Load a MetricData object from disk

Parameters

filename (str) – Path to the saved MetricData object

Examples

>>> data = MetricData()
>>> data.load('./data.dat')
property map
property numDimensions

The number of dimensions

Examples

>>> data.numDimensions
property numFrames

Get the total number of frames in all trajectories

Returns

nframes – Total number of frames in all trajectories

Return type

int

Examples

>>> data.numFrames
property numTrajectories

The number of trajectories

Examples

>>> data.numTrajectories
plotClusters(dimX, dimY, resolution=100, s=4, c=None, cmap=None, logplot=False, plot=True, save=None, data=None)

Plot a scatter-plot of the locations of the clusters on top of the count histogram.

Parameters
  • dimX (int) – Index of projected dimension to use for the X axis.

  • dimY (int) – Index of projected dimension to use for the Y axis.

  • resolution (int) – Resolution of bincount grid.

  • s (float) – Marker size for clusters.

  • c (list) – Colors or indexes for each cluster.

  • cmap (matplotlib.colors.Colormap) – Matplotlib colormap for the scatter plot.

  • logplot (bool) – Set True to plot the logarithm of counts.

  • plot (bool) – If the method should display the plot

  • save (str) – Path of the file in which to save the figure

  • data (MetricData object) – Optionally you can pass a different MetricData object than the one used for clustering. For example if the user wants to cluster on distances but wants to plot the centers on top of RMSD values. The new MetricData object needs to have the same simlist as this object.

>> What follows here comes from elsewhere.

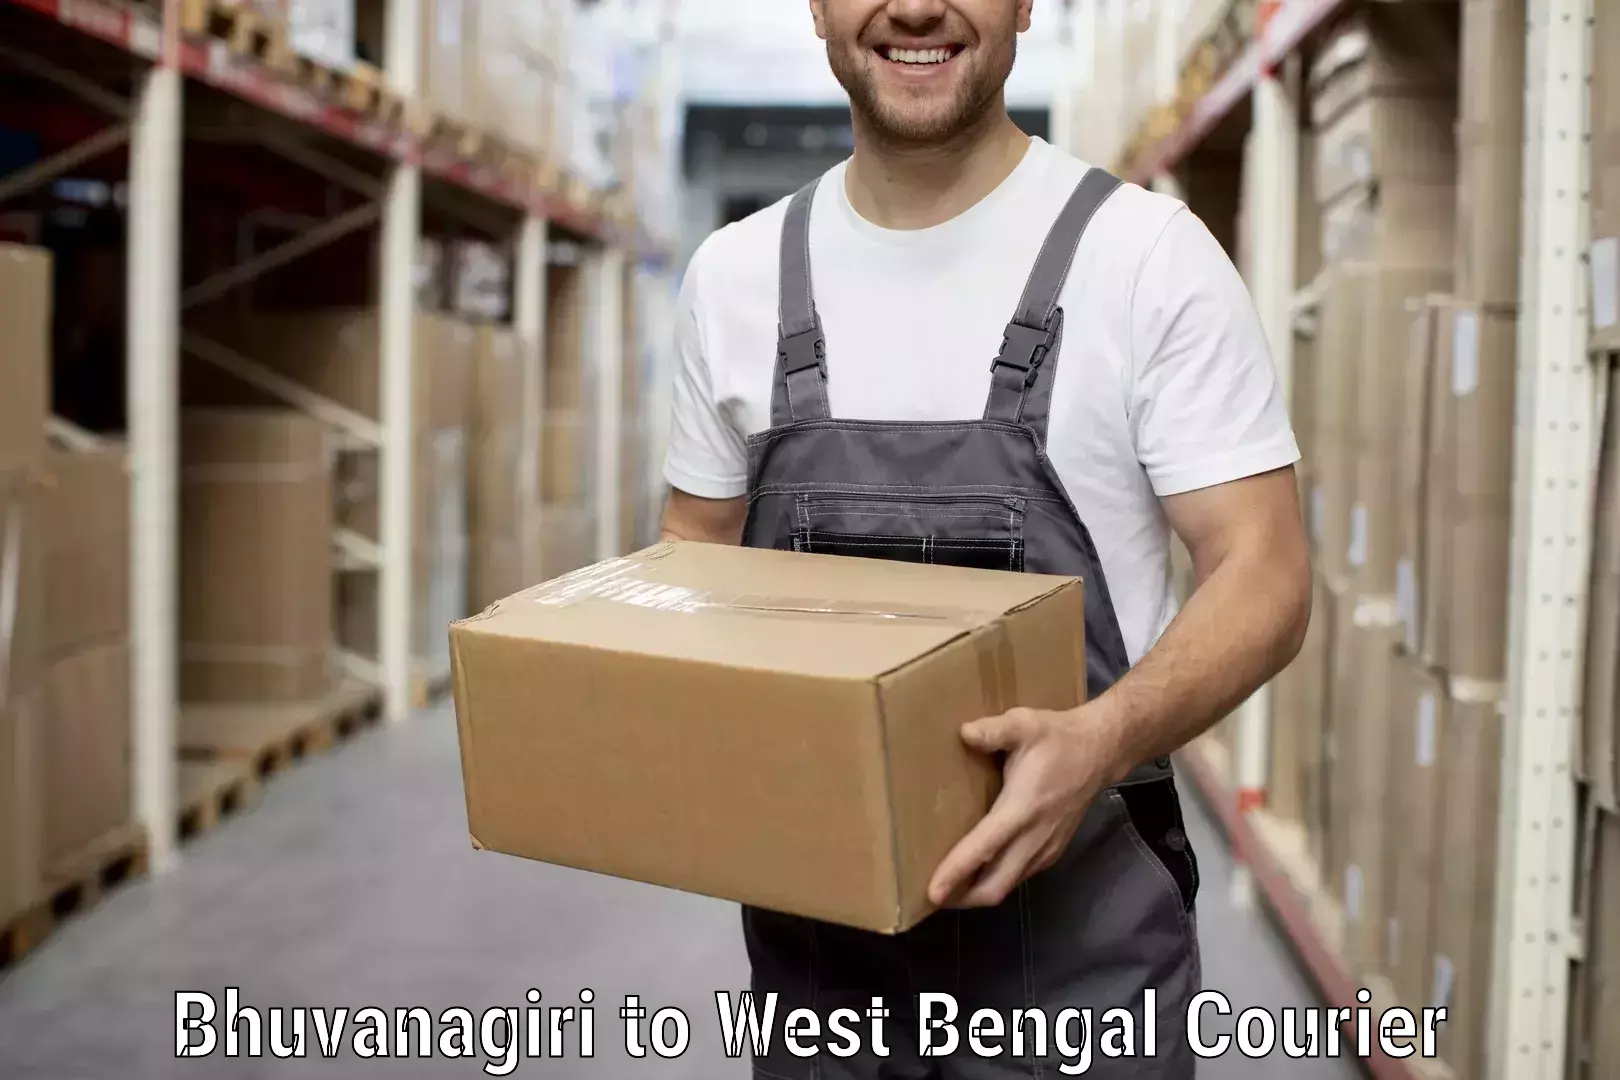 Furniture transport company Bhuvanagiri to West Bengal

plotCounts(dimX, dimY, resolution=100, logplot=False, plot=True, save=None)

Plots a histogram of counts on any two given dimensions.

Parameters
  • dimX (int) – Index of projected dimension to use for the X axis.

  • dimY (int) – Index of projected dimension to use for the Y axis.

  • resolution (int) – Resolution of bincount grid.

  • logplot (bool) – Set True to plot the logarithm of counts.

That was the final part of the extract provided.